Kittens could be the model for understanding infectious, sometimes deadly, diarrheal disease in both animals and children, according to new research from North Carolina State University.
Diarrheagenic Escherichia coli (DEC) bacteria cause lethal diarrheal disease in children worldwide, killing up to 120,000 children under the age of five annually. Atypical enteropathic Escherichia coli (aEPEC) are a form of DEC increasingly associated with diarrheal disease in humans and in kittens.
“We were looking for causes of infectious diarrhea in kittens, which has a high mortality rate, and came across this pathogen,” says Jody Gookin, FluoroScience Distinguished Professor in Veterinary Scholars Research Education at NC State and corresponding author of the research.
“The interesting thing about aEPEC is that you can find it in both healthy and sick individuals. Having it in your intestinal tract doesn’t mean you’re sick, but those that are sick have a higher burden, or amount of the bacteria, in their bodies.”
Gookin and Victoria Watson, a former Ph.D. student at NC State and lead author of the study, performed a genomic analysis of aEPEC isolates from both healthy kittens who were colonized by the bacteria and kittens with lethal infections to try and determine why aEPEC causes illness in some kittens but remains dormant in others.
With collaborators at the University of Maryland, Gookin and Watson then compared the genomic data from both groups of kittens to human aEPEC isolates.
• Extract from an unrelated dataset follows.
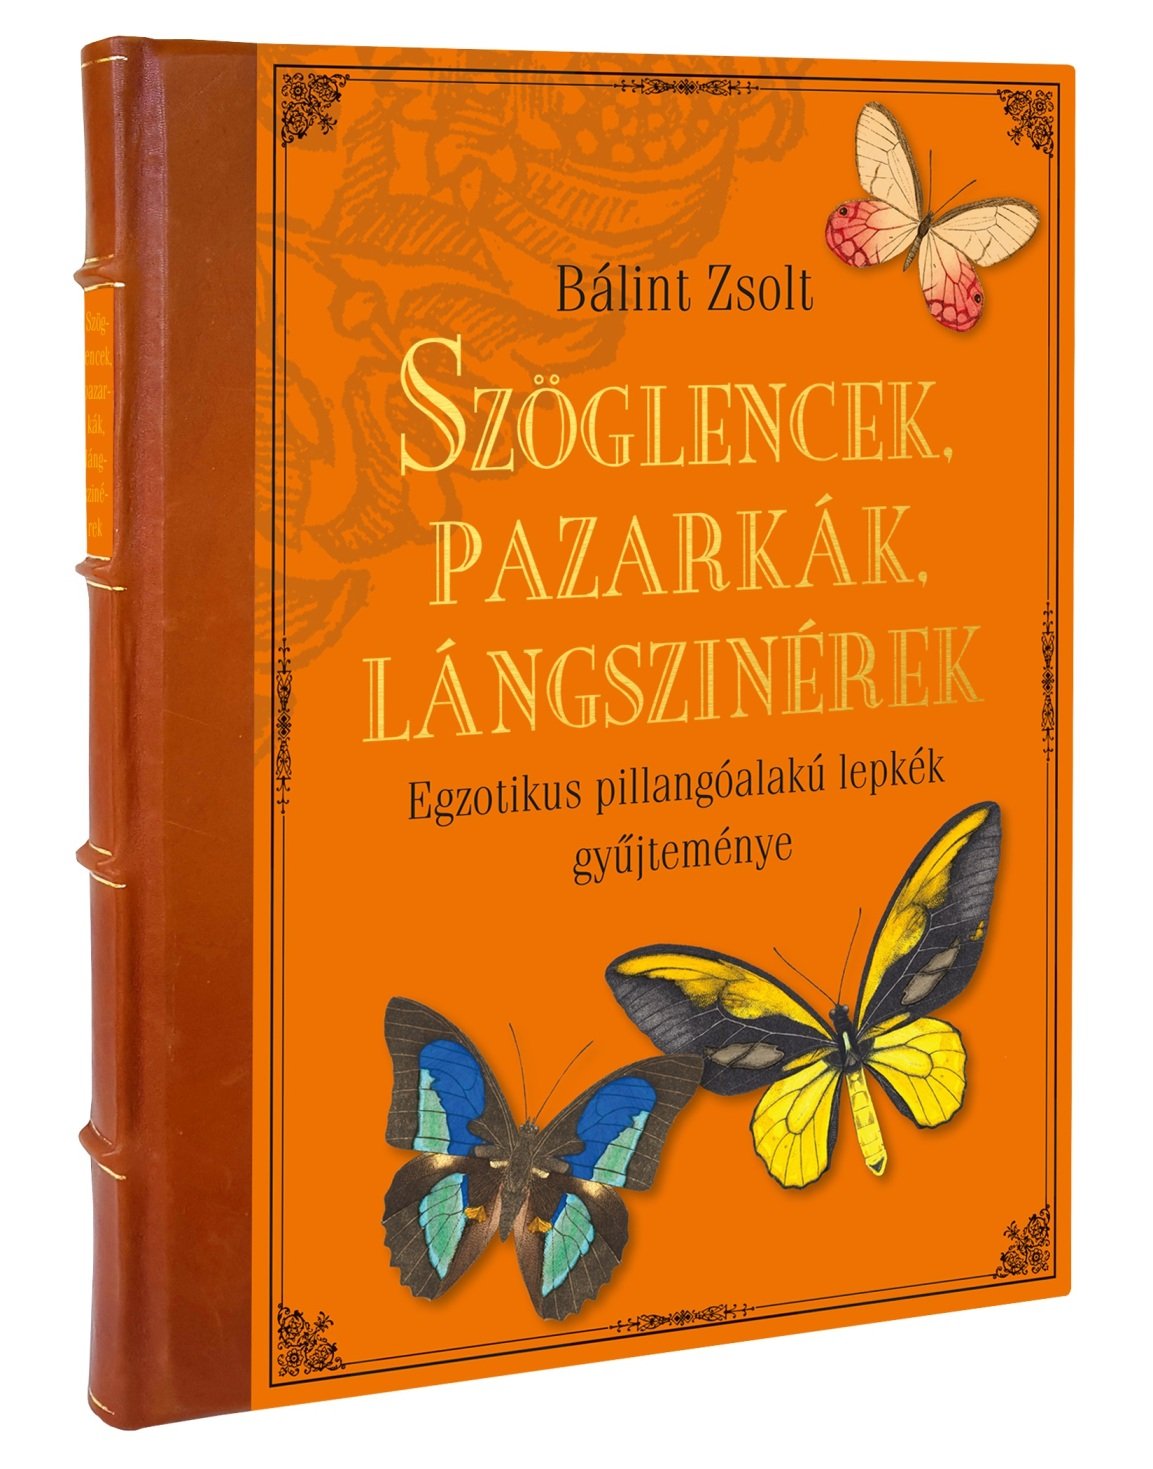 Bálint Zsolt: Szöglencek, pazarkák, lángszinérek. Egzotikus pillangóalakú lepkék gyűjteménye (Rippl-Rónai Múzeum CC BY-NC-ND)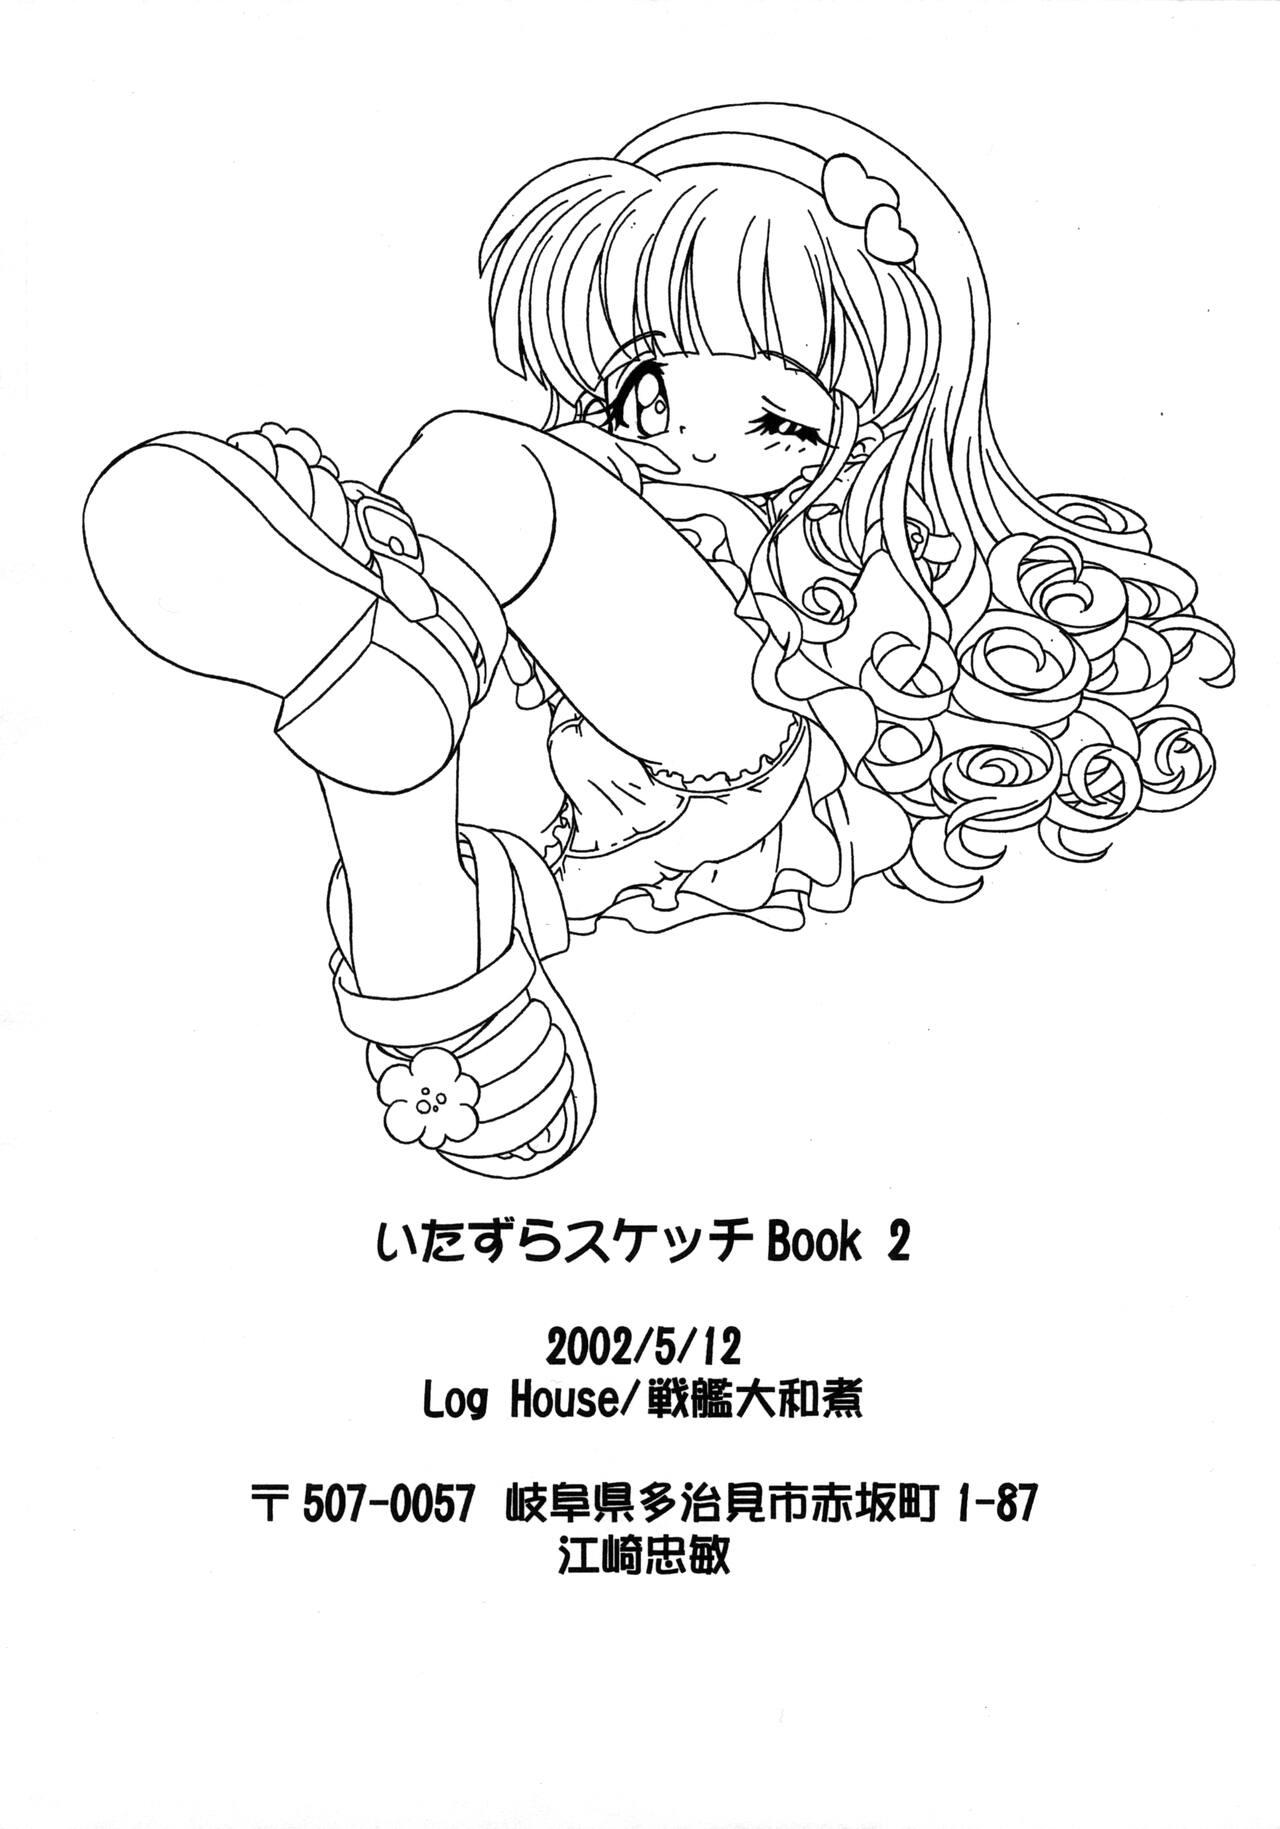 Itazura Sketch Book 2 12

However, there were no specific genetic markers that allowed the researchers to distinguish between the groups of isolates.
“The aEPEC isolated from humans is the same as that found in healthy and sick kittens,” Gookin says. “There weren’t any unique genetic markers that could explain why one group of bacteria causes disease while the other one doesn’t. The only thing we found were behavioral differences between the isolate groups.
“The pathogenic, or disease-causing, isolates had more motility—they were better swimmers. AEPEC bacteria cause disease by attaching to epithelial cells lining the intestine. Those cells then secrete fluids, causing diarrhea. So the better or further aEPEC bacteria could swim, the easier it would be to find cells and attach.”
The findings point to kittens as a potentially invaluable model for further exploration of aEPEC on the molecular level to inform treatment approaches for both humans and felines.